Section 5. Bilans, leçons et commémorations du séisme

3. La commémoration organisée par les initiatives civiles

Après avoir parlé de la position du gouvernement et de la presse, il convient d’évoquer la façon dont la commémoration du 17 août a été perçue et vécue au niveau individuel, bien entendu surtout par les victimes du séisme. Les raisons qui ont rendu cette catastrophe différente par rapport à d’autres survenues dans le passé (un relatif changement de perception des catastrophes dans la société au sens de sortie du fatalisme, l’ampleur de la catastrophe et sa couverture médiatique, les particularités de la zone touchée et celles des populations y demeurant…) l’ont rendu différente dans sa prise en charge par la mémoire collective aussi. Pour la première fois, des cérémonies de commémoration ont été organisées pour les victimes d’une catastrophe en Turquie et ce presque sans aucune contribution des autorités.
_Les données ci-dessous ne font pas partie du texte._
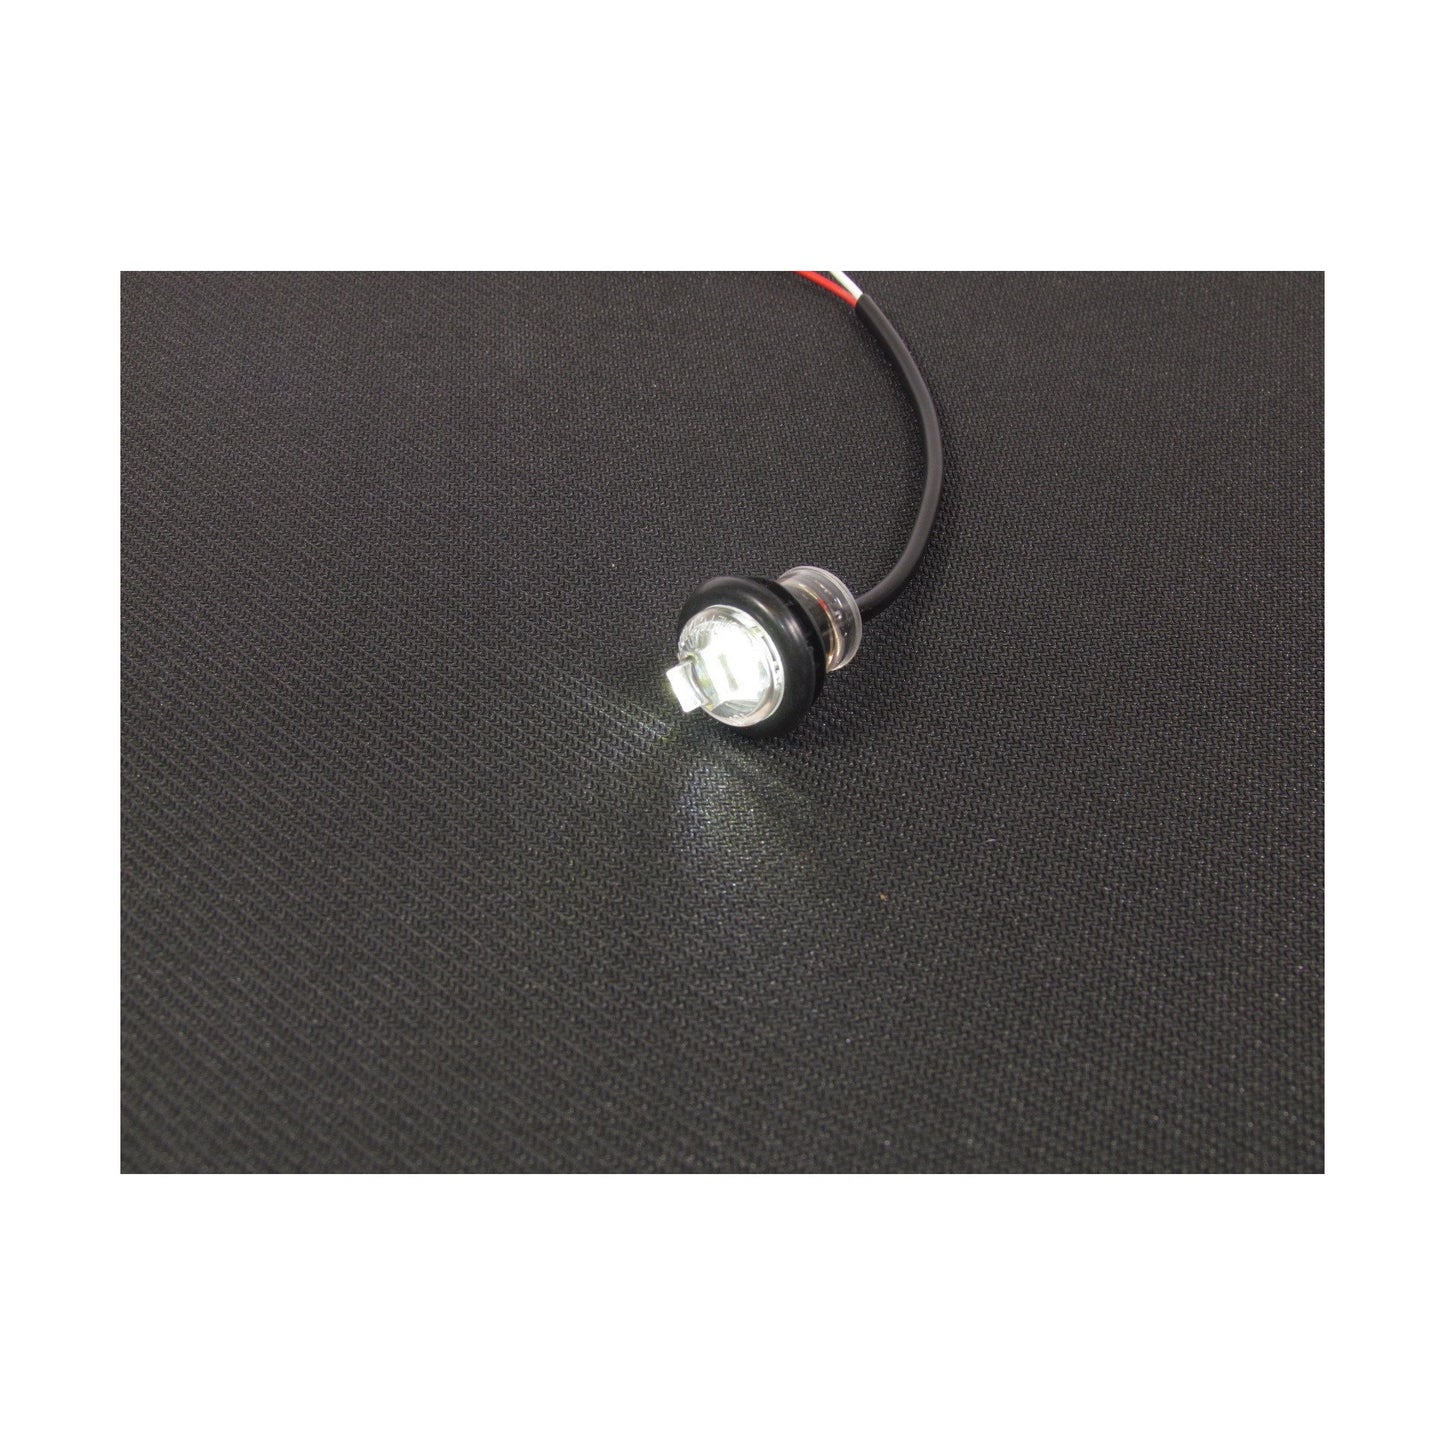 Fortpro 3/4" Round Clearance/Marker Led Light with 1 LEDs

D’ailleurs, les autorités politiques étaient pour « un retour à la normale » le plus vite possible, ce qui justifiait à leurs yeux l’inutilité de telles cérémonies : ce n’était plus la peine de démoraliser les citoyens, ni de critiquer l’État. Naturellement le gouvernement préférait, à l’occasion de l’anniversaire, mettre en avant « l’aspect reconstruction » que « l’aspect gestion de crise » ou « l’aspect prévention ». Néanmoins, lorsque des cérémonies et d’autres activités ont été organisées à l’initiative des victimes et de certaines ONG turques, les autorités ne sont pas intervenues. Probablement, parce qu’elles n’étaient pas en mesure de le faire : à ce moment-là, la question des séismes était encore une question très délicate, la société n’avait pas encore oublié la paralysie des services publics suite au séisme et le discours de « l’État paternel qui panse les plaies » n’avait (presque) plus de validité, vu le déroulement des travaux post-séisme engagés par de l’État. Par ailleurs les médias, pour lesquels la catastrophe constituait un cadre de critique sine qua non depuis un an, étaient ouvertement favorables à une commémoration « active ». Ils faisaient un effort visible pour montrer qu’ils « étaient avec les victimes », qu’ils « demandaient toujours le versement des comptes à leur nom » : comme en témoigne l’exemple du comité éditorial de Hürriyet qui a tenu sa réunion quotidien à Gölcük le 16 août 2000, sur un terrain où existait un bâtiment avant le 17 août 1999.469

Une quarantaine d’ONG turques, rassemblées sous le nom de « L’initiative du 17 août »470 ont organisé une campagne baptisée « Ne dors pas Turquie, moi je ne dors pas » et appelé les citoyens à « s’habiller de couleur noire, ne pas dormir, allumer les lumières et siffler dans des sifflets à 3h02 ».471 « L’initiative » était composée essentiellement des associations de victimes de tremblement de terre, d’une partie des associations de sauvetage (dont AKUT ne faisait pas partie) et d’autres ONG de tendance politique de gauche comme La Fondation pour l’Histoire, L’Association des Citoyens d’Helsinki, L’Association pour le soutien de la vie moderne, La Fondation des volontaires de l’éducation de Turquie… L’Association pour le soutien de la coordination civile contre la catastrophe figurait naturellement parmi les participants et elle jouait sans doute un rôle important dans l’organisation des travaux. Le groupe a fait une déclaration à la presse le 10 août pour donner son point de vue sur différents thèmes liés aux séismes de 1999, dans laquelle il suggérait aux citoyens plusieurs sortes de manifestations non-violentes, et comme nous l’avons vu, très symboliques : se vêtir de noir (couleur de deuil), allumer les lumières à 3h02 et faire du bruit (reproduire le moment du séisme d’une certaine façon)…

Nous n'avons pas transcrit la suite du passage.